Why is the voltage produced by a voltaic cell affected by temperature as described by the Nernst Equation?

Question

I understand why changing the concentrations of the electrolytes in a voltaic cell affects the voltage. Given a zinc-copper cell for example, if I were to increase the concentration of the zinc sulphate electrolyte, the equilibrium between zinc ions and zinc metal would shift towards the side of the zinc metal. This would cause the reduction potential for zinc ions to increase, decreasing the overall cell potential. Please correct me if I’m wrong as this is how I understand it!

However, I don’t quite understand why temperature affects the voltage the way it does. According to the Nernst equation, if the reaction quotient is greater than one (meaning that the zinc sulphate concentration is greater than the copper sulphate concentration in this example), increasing temperature decreases voltage. Conversely, if the reaction quotient is less than one, increasing temperature increases voltage.

I am familiar with Le Chatlier's principle, but if I were to apply it to this scenario, given that the redox reaction taking place is exothermic, it would suggest that increasing temperature would always decrease the voltage produced since it would cause a shift towards the reactant side. This, of course, does not correspond with the relationship predicted by the Nernst equation.

I have looked all over the internet but I could not find any answer to this seemingly straightforward question. Any help is greatly appreciated!

Answer 1

Both terms of the difference in the Nernst equation depend on the temperature.

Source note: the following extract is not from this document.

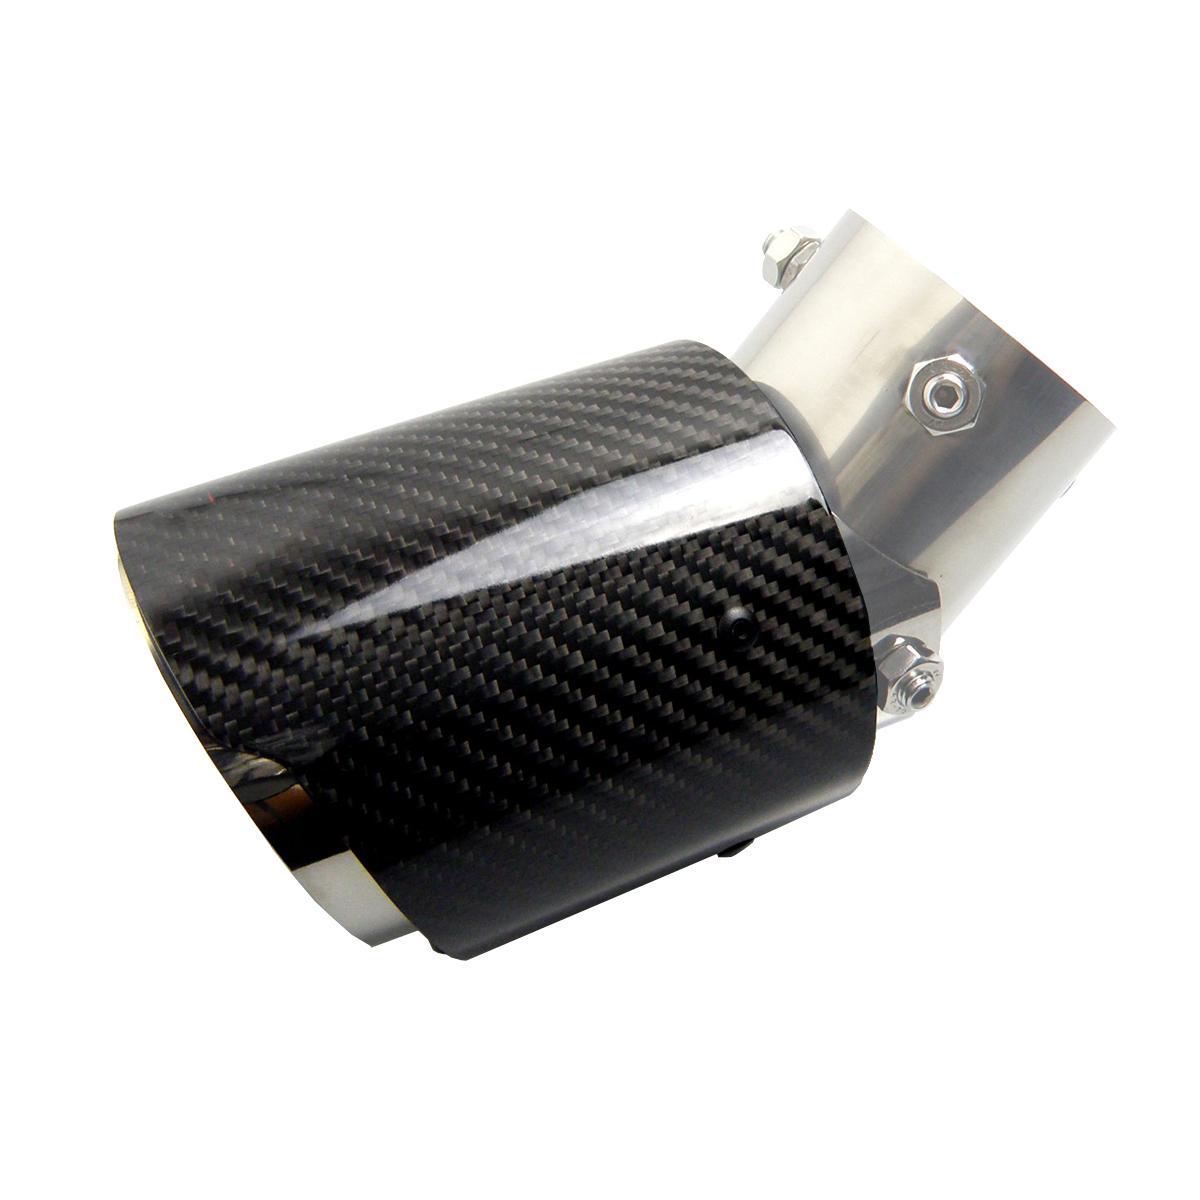 Ángulo ajustable de escape de fibra de carbono Consejos coche tubo de escape del silenciador punta de fibra de carbono del borde recto del logotipo de AK para accesorios de automóvil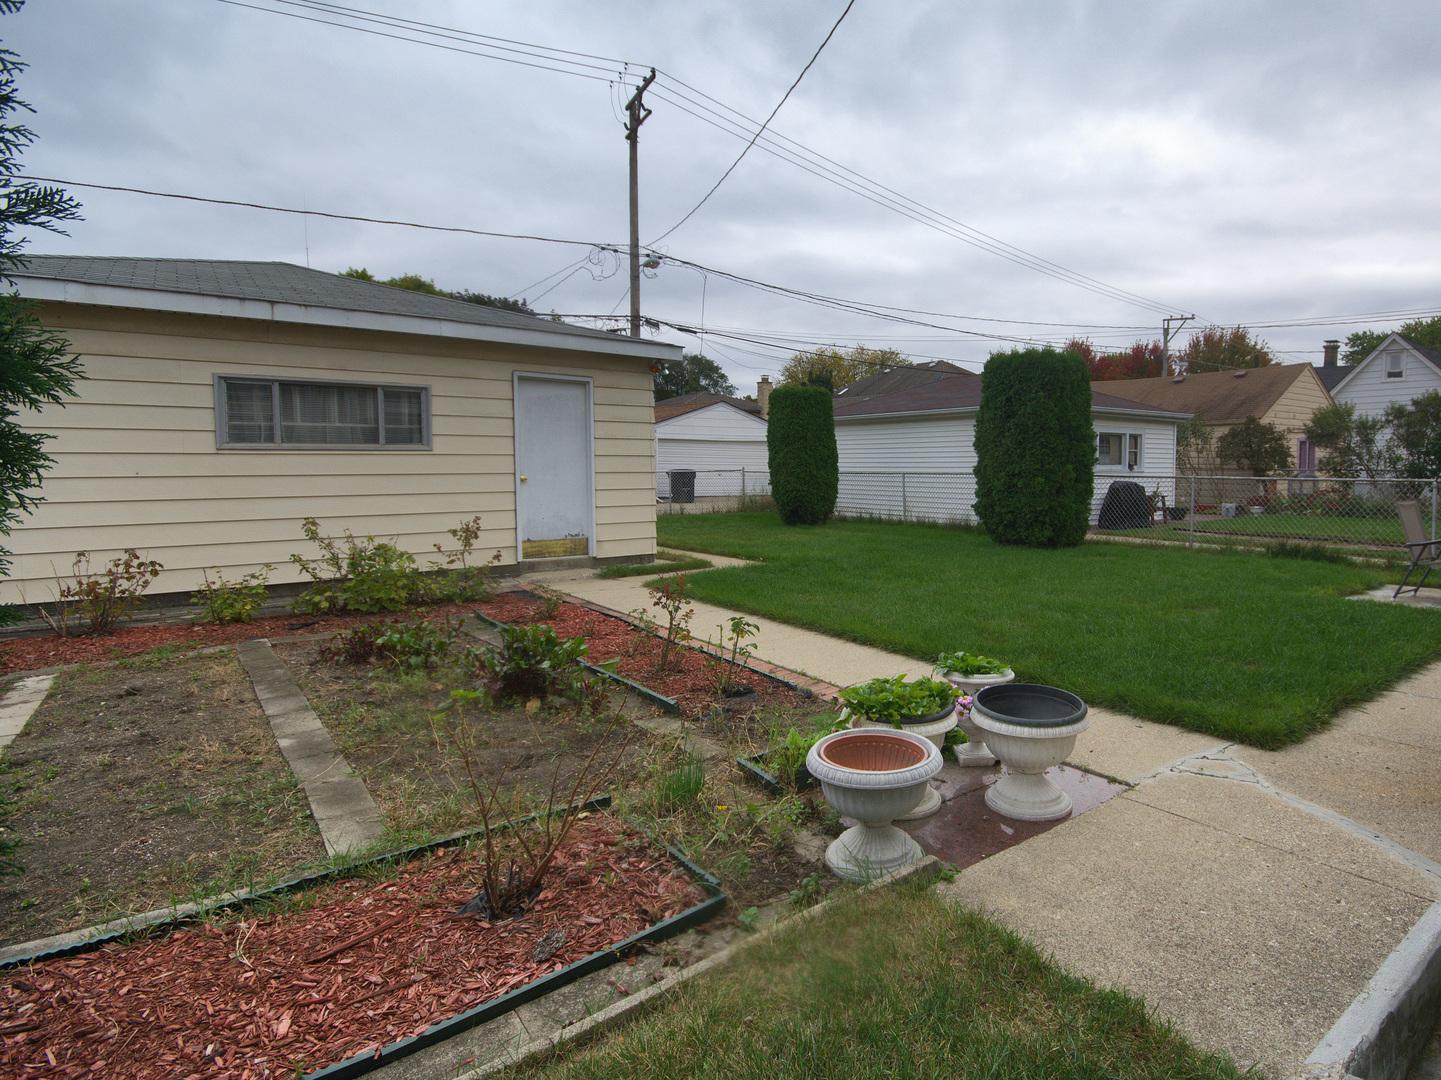 Yard/Garden

$$E = E^\circ - \frac{R T}{z F} \ln Q$$

The second term obviously depends on temperature because it contains the temperature (and the other quantities are either constants or not temperature-dependent). The first term, however, is temperature-dependent as well. If you consider the relationship to the standard Gibbs energy of reaction, this becomes clear:

$$Δ_rG^\circ=−z F E^\circ $$

Rather than figure out the temperature-dependence by looking at the two terms, it is easier to forget the Nernst equation and directly relate the cell potential at non-standard conditions to the Gibbs energy of reaction under the same conditions:

$$Δ_rG=−z F E $$

At constant pressure, the partial derivative of the the Gibbs energy of reaction $Δ_rG$ with respect to the temperature is $-Δ_rS$. (Perhaps surprisingly, the temperature-dependence of the equilibrium constant depends on the sign of $Δ_rH$ instead, i.e. whether the reaction is endothermic or exothermic, see Van't Hoff equation).

Answer 2

You are correct in understanding that changing the concentration of electrolytes in a voltaic cell affects the voltage through the Nernst equation. As for the effect of temperature, it is important to remember that the Nernst equation takes into account the effect of temperature on the equilibrium constant (K) of the reaction, not just the effect of temperature on the reaction itself.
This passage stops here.